Aussitôt après avoir renoué avec le concept de “saturation” plutôt que de chercher la nouveauté, de nombreux problèmes se résolurent d’eux-même. Je n’ai plus du tout été confronté à l’impasse “d’essayer de trouver quelque chose de nouveau à jouer”. Mon travail n’était plus de chercher quelque chose à jouer mais s’est dès lors résumé à poser mes doigts sur les touches et à les utiliser au profit d’une expérience la plus complète et riche possible. Je pouvais commencer à jouer sans même avoir d’idée précise. De quel style de musique s’agissait-il? Dans presque tous les cas, il s’agissait de quelque chose d’étonnament nouveau, une approche d’un exercice de danse habituel que je n’avais jamais explorée auparavant. Mais rien à voir avec une hasardeuse “nouvelle idée”, il s’agissait de quelque chose de réellement bien; simple, clair, efficace, et excessivement expressif. Dans certains cas, la musique n’était pas particulièrement nouvelle, il s’agissait de la variation d’une approche familière, mais le résultat était bien meilleur qu’il ne l’avait été depuis longtemps. Le tout était aussi passionné, sincère et profond que limpide et bien exécuté.

Les effets furent immédiatement visibles par tous.
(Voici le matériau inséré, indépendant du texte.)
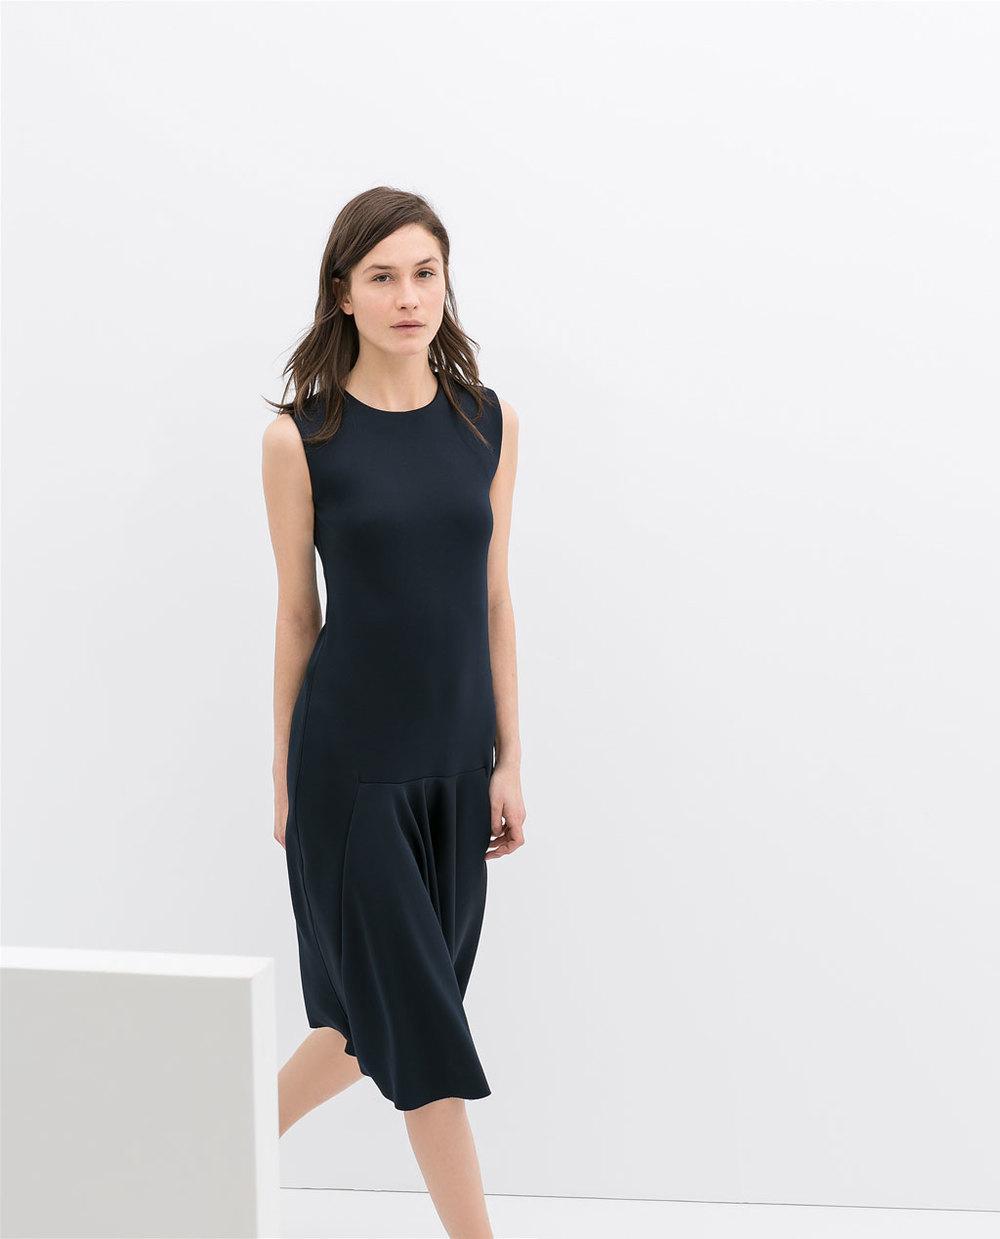 Neoprene Midi dress. Zara. $69.90.

Les professeurs commencèrent à insister auprès de leurs élève sur la musicalité: “Écoutez cette musique formidable qu’il est en train de jouer. Dansez, pour mieux dialoguer avec cette musique !”. Les élèves vinrent me voir en fin de classe pour me dire qu’ils avaient beaucoup apprécié ce que je jouais. Et surtout, j’avais moi-même apprécié plus qu’à l’accoutumé, ce que je faisais.

En d’autres mots, lorsqu’une routine accablante et morne s’installe, il existe un moyen d’en sortir: chercher la qualité et la vérité au lieu de la nouveauté même. Souvenez-vous qu’il n’aie qu’un but dans une représentation: l’expérience et l’unicité du moment dans toute sa qualité, aussi riche et complète que possible. Gardez en tête cet objectif et les resultats seront nouveaux et uniques à chaque fois.